After slowing for four consecutive quarters, demand for temporary workers is predicted to increase in this first quarter of the year.
The Palmer Forecast released this week says temp staffing should increase by 4.2 percent on a seasonally adjusted basis over the first quarter of 2015. If the forecast is correct, it will be the first increase in sequential quarterly year-over-year growth since 2014.
In the fourth quarter of 2014, temp hiring increased for the quarter by 6.42 percent. Through the end of 2015, while each quarter showed an increase over the prior year, from quarter to quarter the increase got smaller. For the last quarter of 2015, temp employment increased by 3.52 percent, the smallest quarterly growth since Q1 of 2010.
“Our temporary help forecast for the 2016 first quarter continues to demonstrate improvement, with growth slightly accelerating compared with the previous quarter,” said Greg Palmer, founder and managing director of G. Palmer & Associates, a California human capital advisory firm.
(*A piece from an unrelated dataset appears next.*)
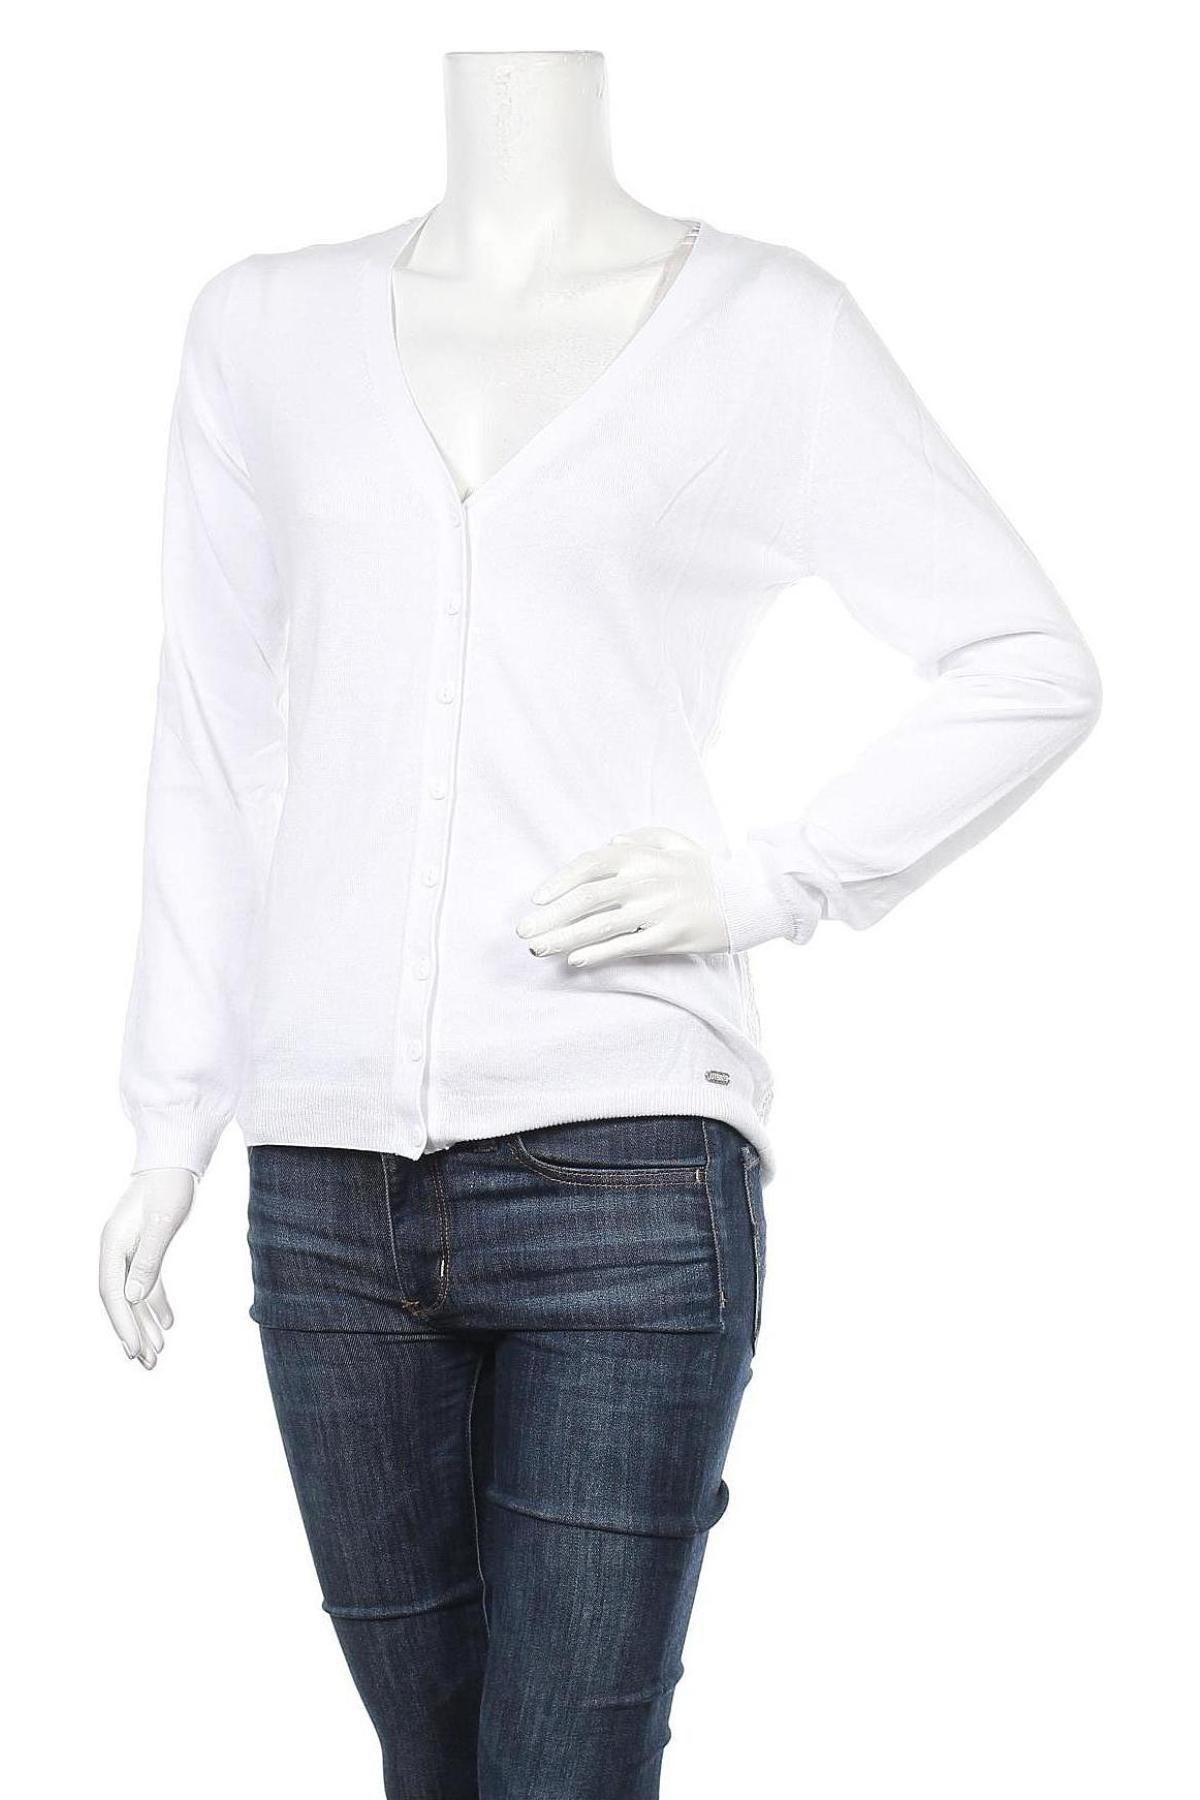 Γυναικεία ζακέτα Guess, Μέγεθος XL, Χρώμα Λευκό, 60% βαμβάκι, 40% βισκόζη, Τιμή 13,30€

“Although this is the 24th consecutive quarter of year-over-year increases in demand for temporary workers, the data continue to show that temp help as a percentage of new job growth is tapering off,” Palmer added, “which historically indicates the likelihood of increases in pricing, wages, gross margins, direct hires and conversion fees in the staffing industry.”
Employment by the temp staffing industry at the end of 2015 came to 2.96 million workers on a seasonally adjusted basis, a historic high, according to data from the U.S. Bureau of Labor Statistics. Employment was 3.05 million on an unadjusted basis.
“One of the most revealing indicators to watch relative to temp help growth is the temp help penetration rate, which is significant because it measures temp help as a percentage of total employment. In December, the penetration reached an all-time high at 2.06 percent of the total labor market from a low of 1.34 percent in June 2009,”said Palmer.